EntrestoTM, a combination ARB plus a novel neprilysin inhibitor to treat chronic heart failure (HF) with reduced ejection fraction, showed such superiority over the ACEi enalapril that the pivotal PARADIGMHF trial was halted early (approximately 5 percent ARR in composite CVdeath + HF hospitalization and approximately three percent ARR in all cause mortality). Access wins were slow to come, in part due to a July launch falling at an unfortunate time in the Medicare D cycle. But payers could also raise questions: How much benefit is due to the ARB (Gx valsartan)? Is 10 mg an appropriate enalapril dose for SOC?, Would you see such fewer hospitalizations without the continuity of care in a trial? Novartis entered VBCs with Aetna, Cigna and Harvard Pilgrim tying rebates to the observed frequency of HF hospitalizations. "Competitive drug prices are important, but equally so is ensuring that customers' medications are actually working as well as, or better than, expected," said Christopher Bradbury, Cigna's senior vice president in a press release announcing the deal granting EntrestoTM preferred-brand status subject to prior authorization on commercial plans. "Outcomes-based contracts require that prescription medicines perform in the real world at least as well as they did during clinical trials and are a valuable tool for improving health and managing costs. When pharmaceutical companies stand behind the performance of their drugs through these kinds of contracts, we can deliver the most value to Cigna's customers and clients for the money they are spending."

Guidance for Manufacturers

Faced with this current state of VBCs, manufacturers are debating their level of engagement and investment. In the near-term, VBCs tying rebates to adherence or real-world efficacy measures (e.g., LDL-C, HbA1c, hospital admissions) are becoming the cost of entry to gain positions on closed formularies, at least in major competitive therapeutic areas. To participate, manufacturers must gain comfort in assuming real-world effectiveness risk, understand the full economics of deals including spillover to government pricing and ensure analytics and compliance processes support VBC execution. 

When the government eventually addresses the "best price" and Anti-Kickback Statute barriers - and with rising price pressure it is hard to believe it never will - the depth of value-driven rebates and the pace of execution will grow.
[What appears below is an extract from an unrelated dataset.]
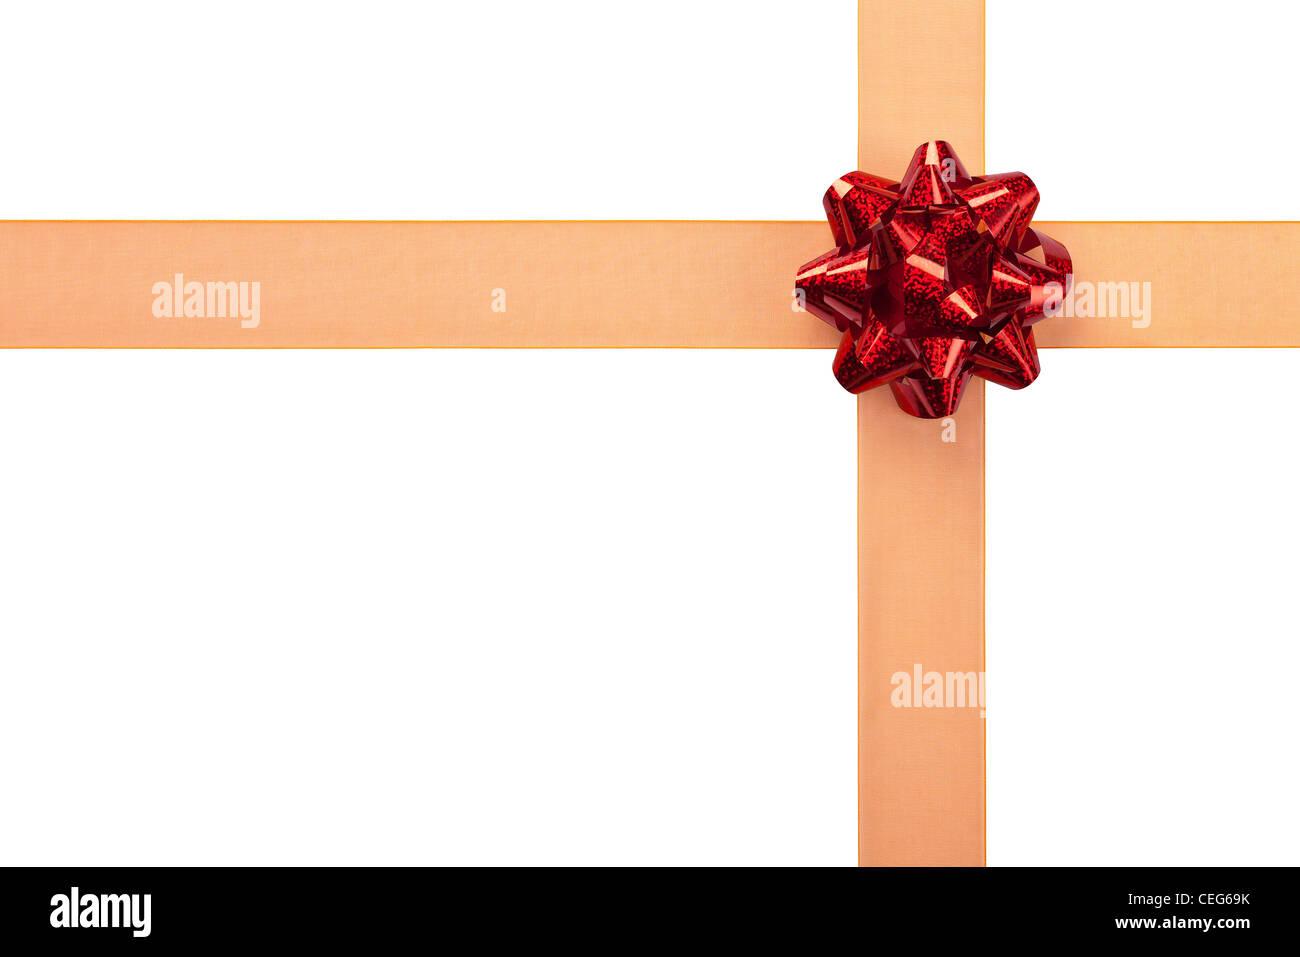 Nastro arancione con il rosso vivace Bow confezione regalo Immagini Stock

While deals will likely remain focused on "warranties" of real-world effectiveness in labeled indications, manufacturers that can paint more comprehensive and compelling pictures of real-world effectiveness will gain the edge in formulary competitions. To be positioned to offer such data through trial end points and a real-world evidence strategy piloted in trials and maintained in post-marketing use requires foresight and planning when setting development strategy. With such long lead times, manufacturers cannot afford to wait and respond to VBC opportunities on a brand-by-brand basis. Rather they should launch a concerted, cross-functional, cross-brand effort to:

  1. Articulate prototypical designs and identify compliance and operational challenges (now and future) and the means to mitigate them, and develop valuation and risk-assessment methodologies
  2. Obtain consensus on when to pursue these VBC types and the policies/limits to enter them
  3. Map current and pipeline assets against these criteria to prioritize leads for execution
  4. Develop the analytical, IT, medical and commercial capabilities to execute prioritized deals - leveraging a common base of expertise and resources across the company for scale and quality
  5. Build account management skills and payer relationships to communicate and negotiate VBCs
  6. Incorporate VBCs into commercialization decisions, early in development, as part of standard processes for asset development check-points and portfolio strategy reviews

The very complexity that makes VBCs daunting also dictates a lengthy period to develop and refine the approach. While it may be tempting to let competitors invest to lead the way, it will be slow for laggards to catch up, and if this deferral cedes a "1 of 1" formulary position, the price of delay is dear.